* **Your goal**
Nothing outside the lines below from the one containing "5 Pack of Striped Socks" through the one containing "Tháp Chuông Giotto – Campanile di Giotto" is to be printed; print those exactly, ends included, and drop the pictures.

[Entries provided — start]

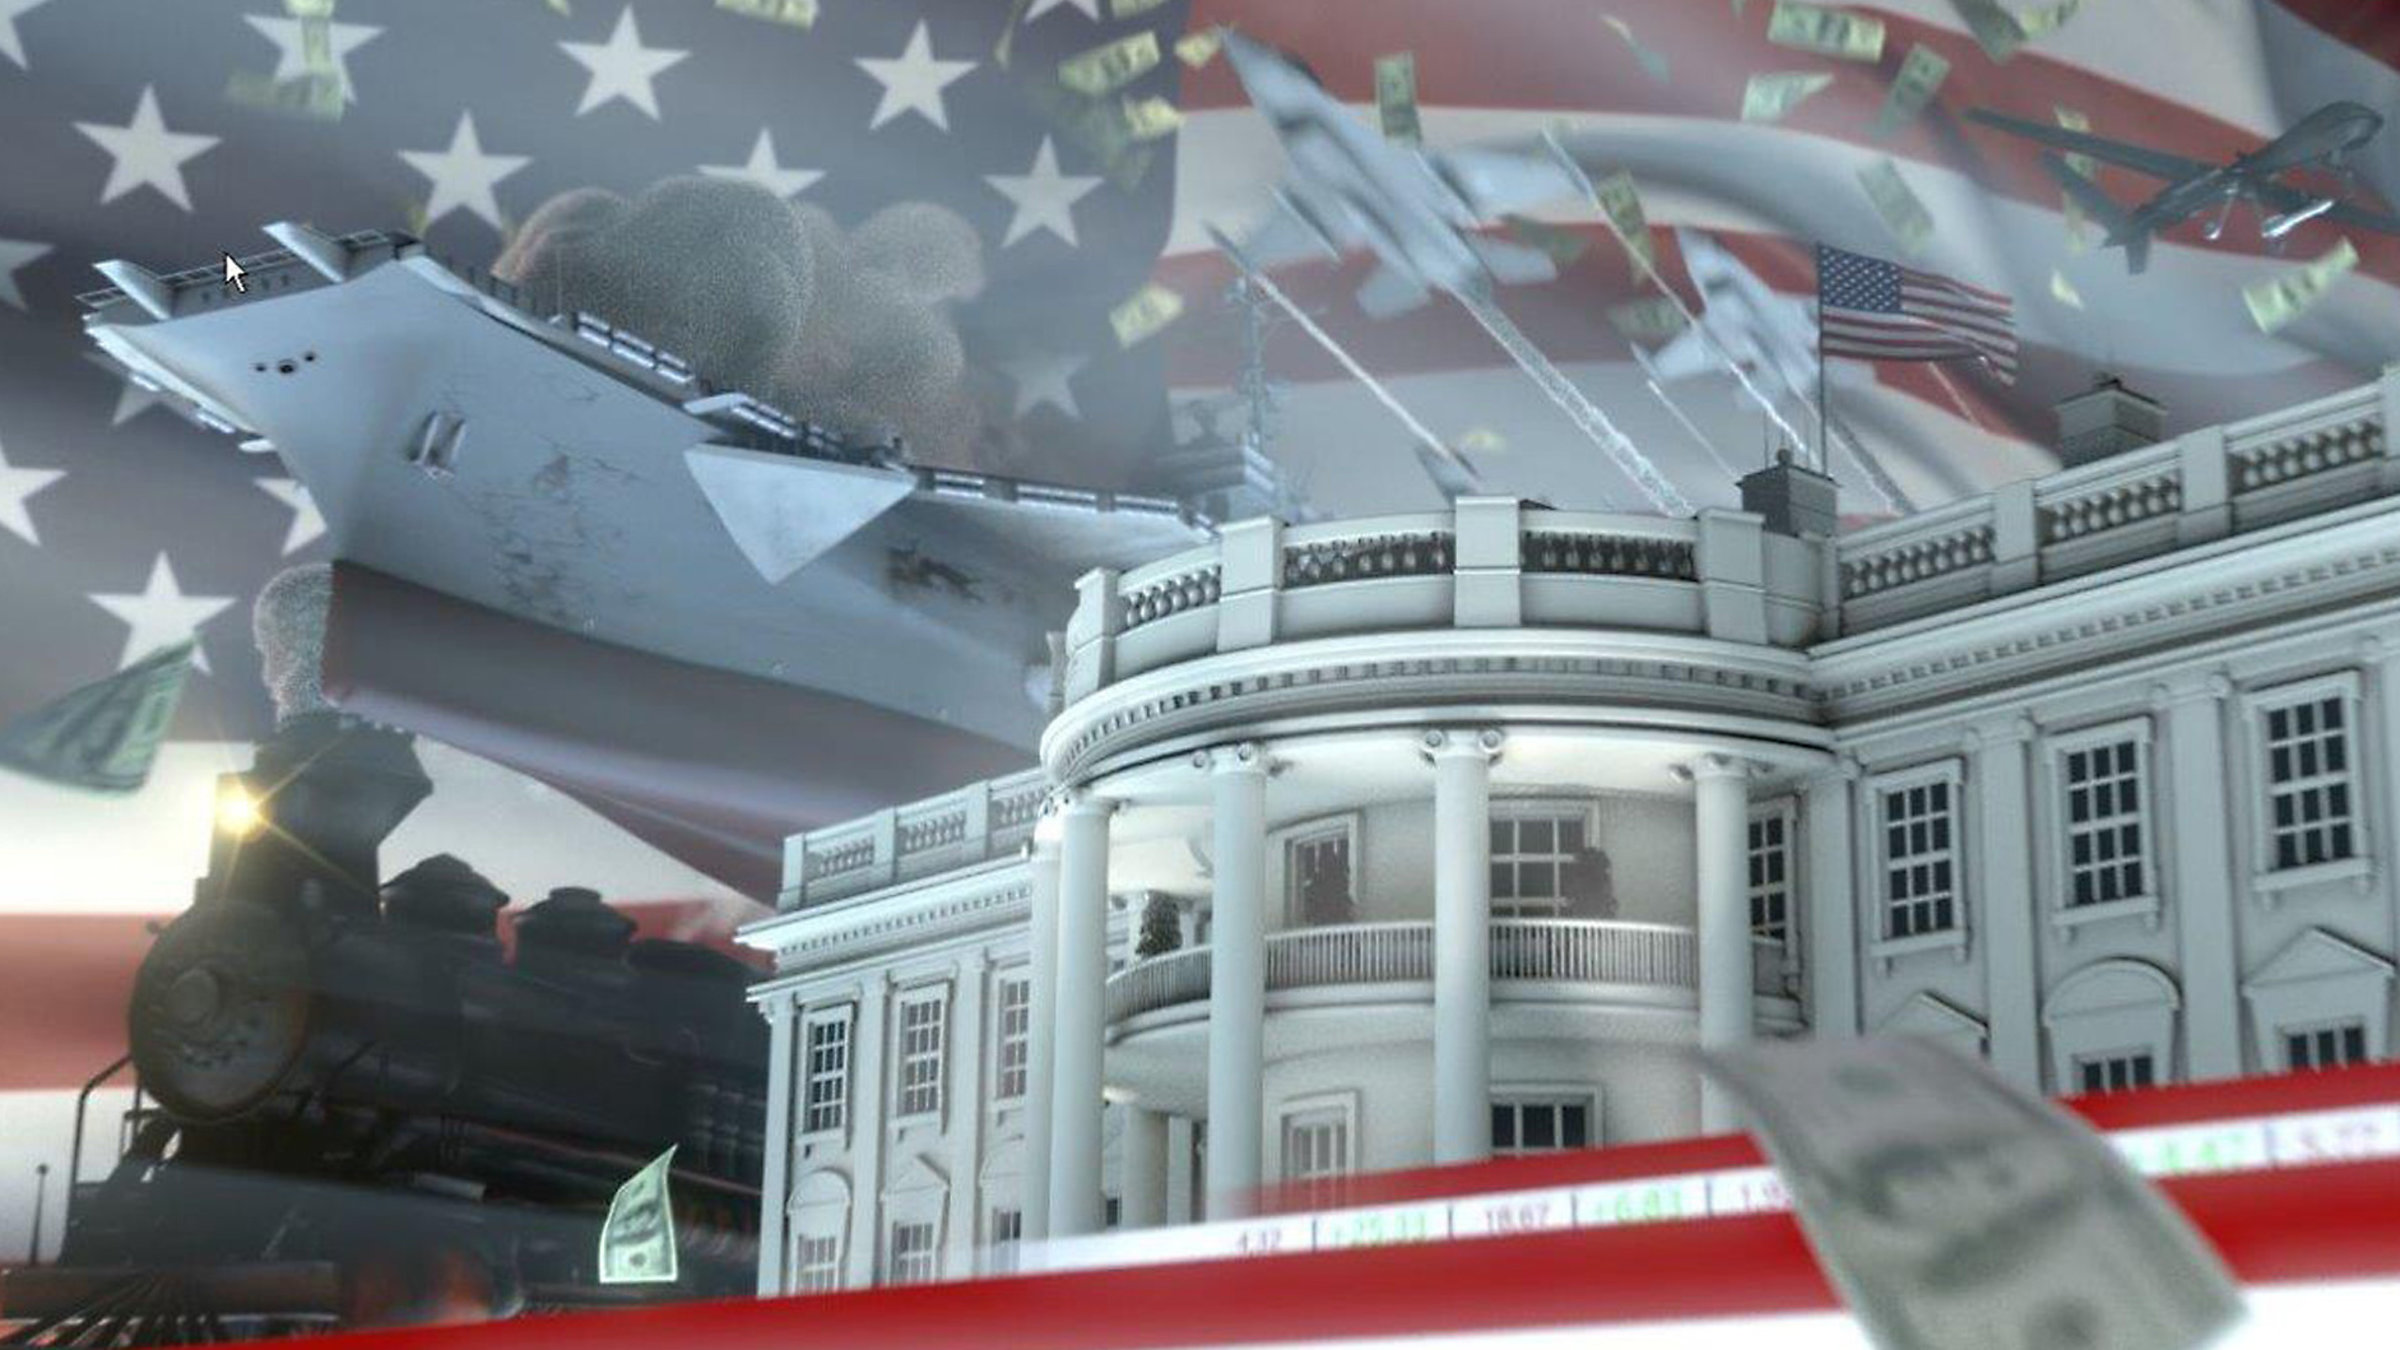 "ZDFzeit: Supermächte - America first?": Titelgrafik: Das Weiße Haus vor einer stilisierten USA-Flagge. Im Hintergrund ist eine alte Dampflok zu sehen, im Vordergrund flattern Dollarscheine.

[Entries provided — finish]
[Entries provided — start]

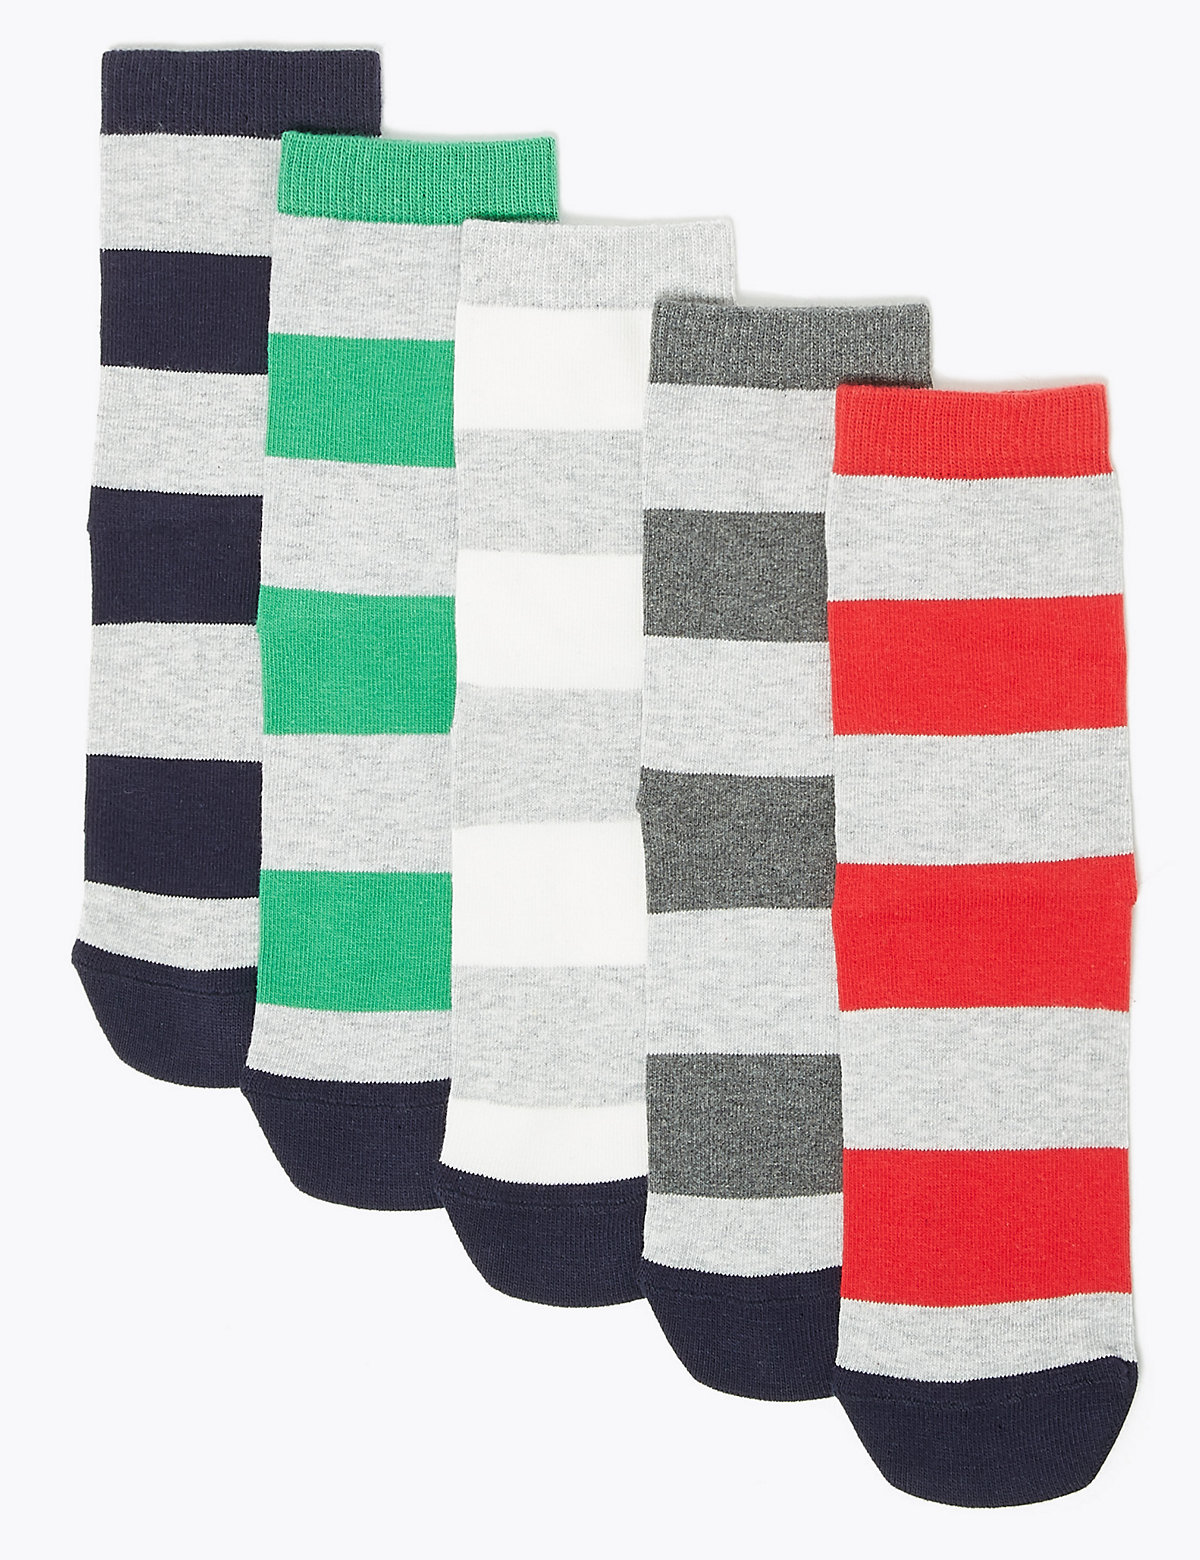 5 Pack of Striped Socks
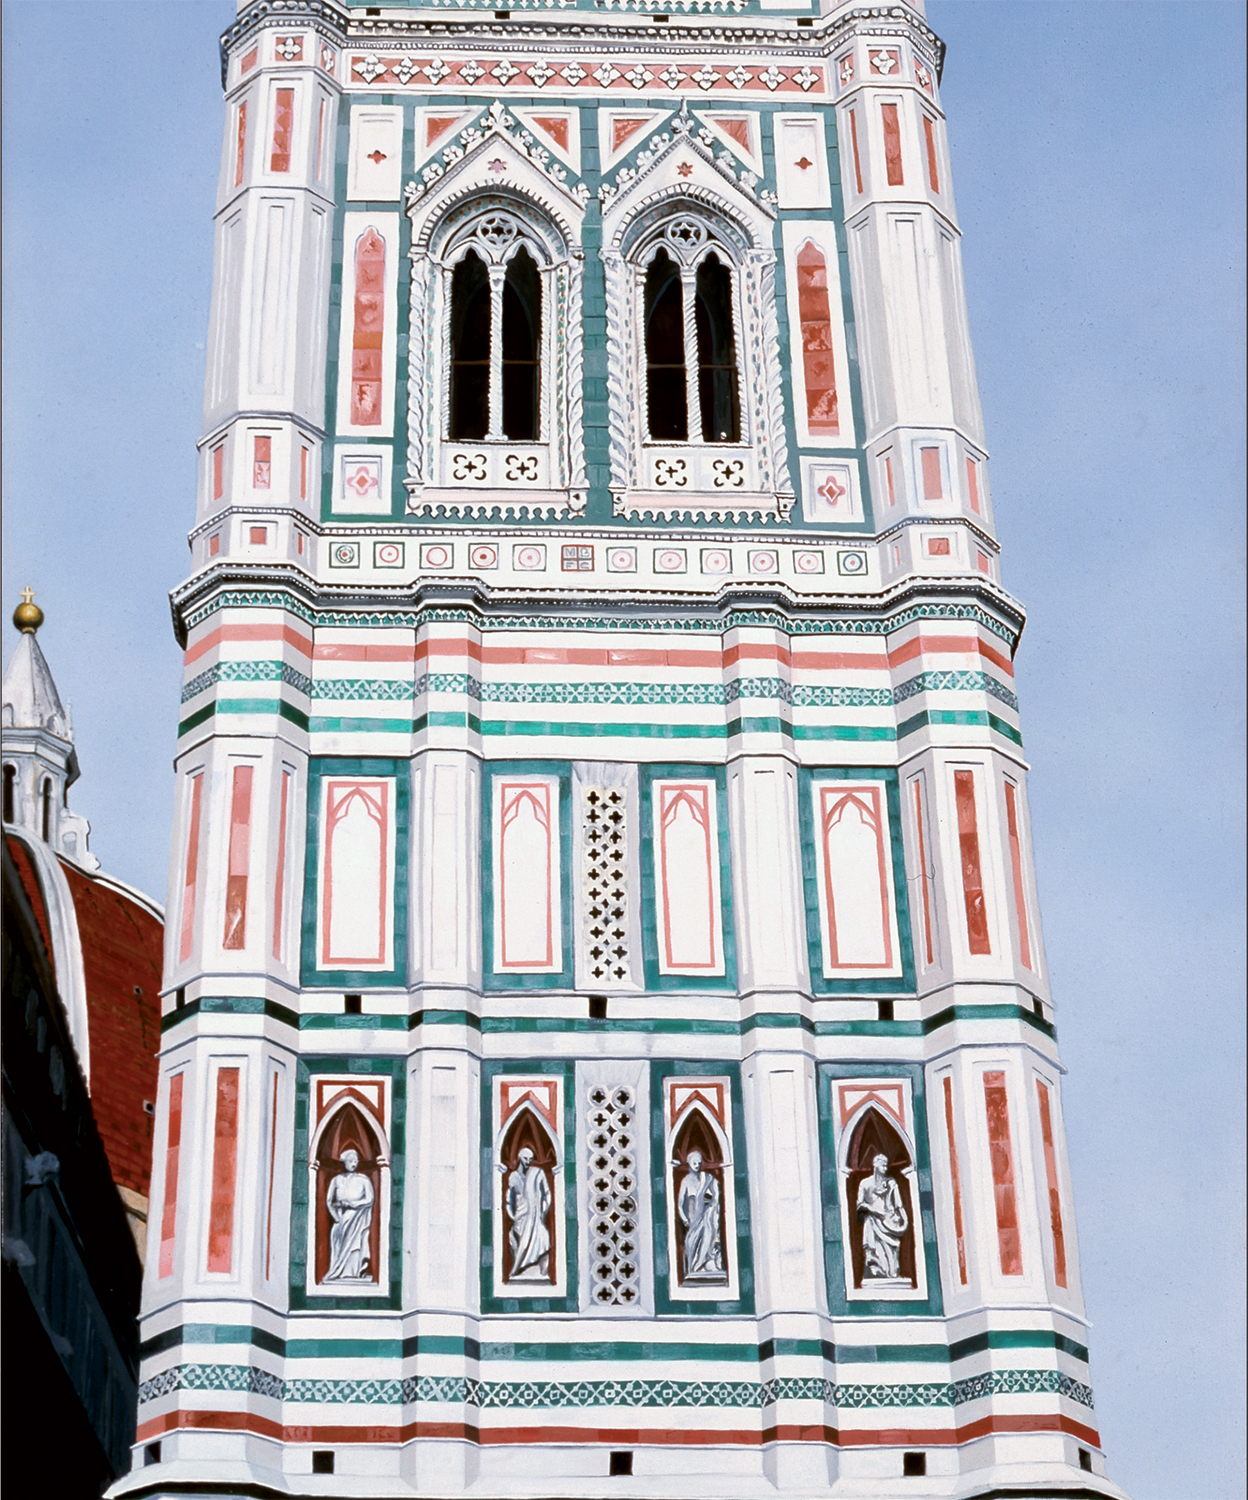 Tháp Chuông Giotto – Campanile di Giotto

[Entries provided — finish]

* **Answer**
 5 Pack of Striped Socks
 Tháp Chuông Giotto – Campanile di Giotto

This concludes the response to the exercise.